Пример 1. Чувствительность культур к химиопрепаратам определяли на среде Muller Hinton («Himedia») - диско-диффузионным методом со стандартными бумажными дисками диаметром 6 мм («Himedia»). Постановка опытов и учет результатов соответствовали общепринятым стандартам. Параллельно чувствительность буркхольдерий к химиопрепаратам определяли на среде Muller Hinton с добавлением свежей гепаринизированной (гепарин «Richter», 5 МЕ/мл) крови (10%) золотистых хомячков в атмосфере, содержащей 5% CO2 (CO2 инкубатор Forma scientific). В таблице 1 показано, что практически во всех случаях резистентность буркхольдерий к препаратам в модифицированных условиях повышалась, особенно заметное снижение чувствительности буркхольдерий в этих условиях отмечается в постановке опытов с рифампицином. Зона задержки роста упала до 8 мм, превысив уровень показателя резистентности штаммов (<14 мм). В то же время размер зоны задержки роста штаммов ко-тримоксазолом и при модификации постановки опыта существенно превышал стандарт показателя чувствительности к данному препарату, составляя величину в пределах 28-33 мм при показателе чувствительности >16 мм. Объяснение этому явлению двоякое - с одной стороны в условиях повышенного содержания СО2 падает рН среды и снижается эффективность действия некоторых групп антибактериальных препаратов, с другой - добавление крови (10%) лабораторных животных к среде Muller Hinton повышает ее ростовые свойства. В опытах показано, что при высеве на модифицированную среду взвеси 104 м.к. буркхольдерий в среднем на 20% повысилось количество колоний и их размер при учете на 2-3 сут после высева.

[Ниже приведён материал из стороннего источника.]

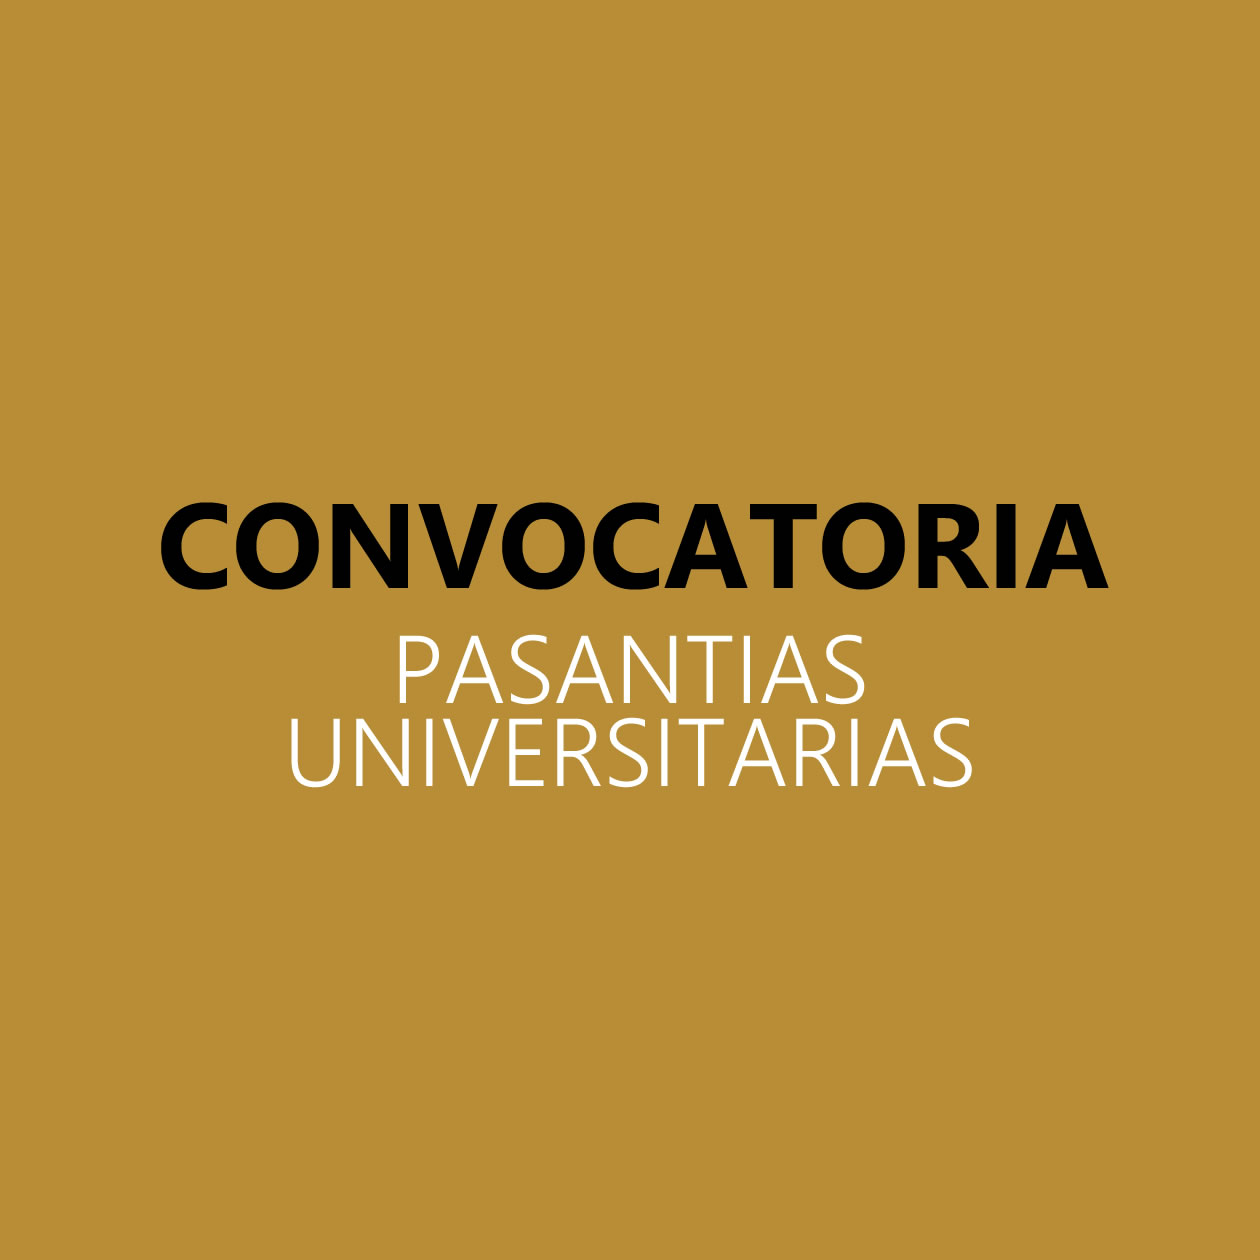 Pasantias_universitarias2018

Пример 2. Для заражения лабораторных животных была избрана равноэффективная доза, соответствующая 103 ЛД50. Лечение химиопрепаратами начинали через 24 ч после инфицирования. Лечебные дозы, учитывая более интенсивный уровень метаболизма и высокий коэффициент соотношения площади поверхности к массе тела у лабораторных животных по сравнению с человеком, были несколько выше рекомендуемых для лечения людей. Из отобранных препаратов для лечения высокочувствительных к сапу и мелиоидозу золотистых хомячков наиболее эффективным оказался ко-тримоксазол, достоверно снизивший уровень летальности при заражении В. mallei 10230 и существенно увеличивший продолжительность жизни павших животных при обеих инфекциях (таблица 2). Наименее эффективным оказался рифампицин. Эффективность препаратов коррелирует с уровнем снижения их чувствительности в опытах по определению МПК с добавлением к среде Muller Hinton 10% крови золотистых хомячков в атмосфере 5% СО2 (таблица 1). Вполне перспективными препаратами при лечении сапа оказались ципрофлоксацин и доксициклин, которые, однако, при мелиоидозной инфекции не предотвращали летальность животных, но достоверно увеличивали их продолжительность жизни.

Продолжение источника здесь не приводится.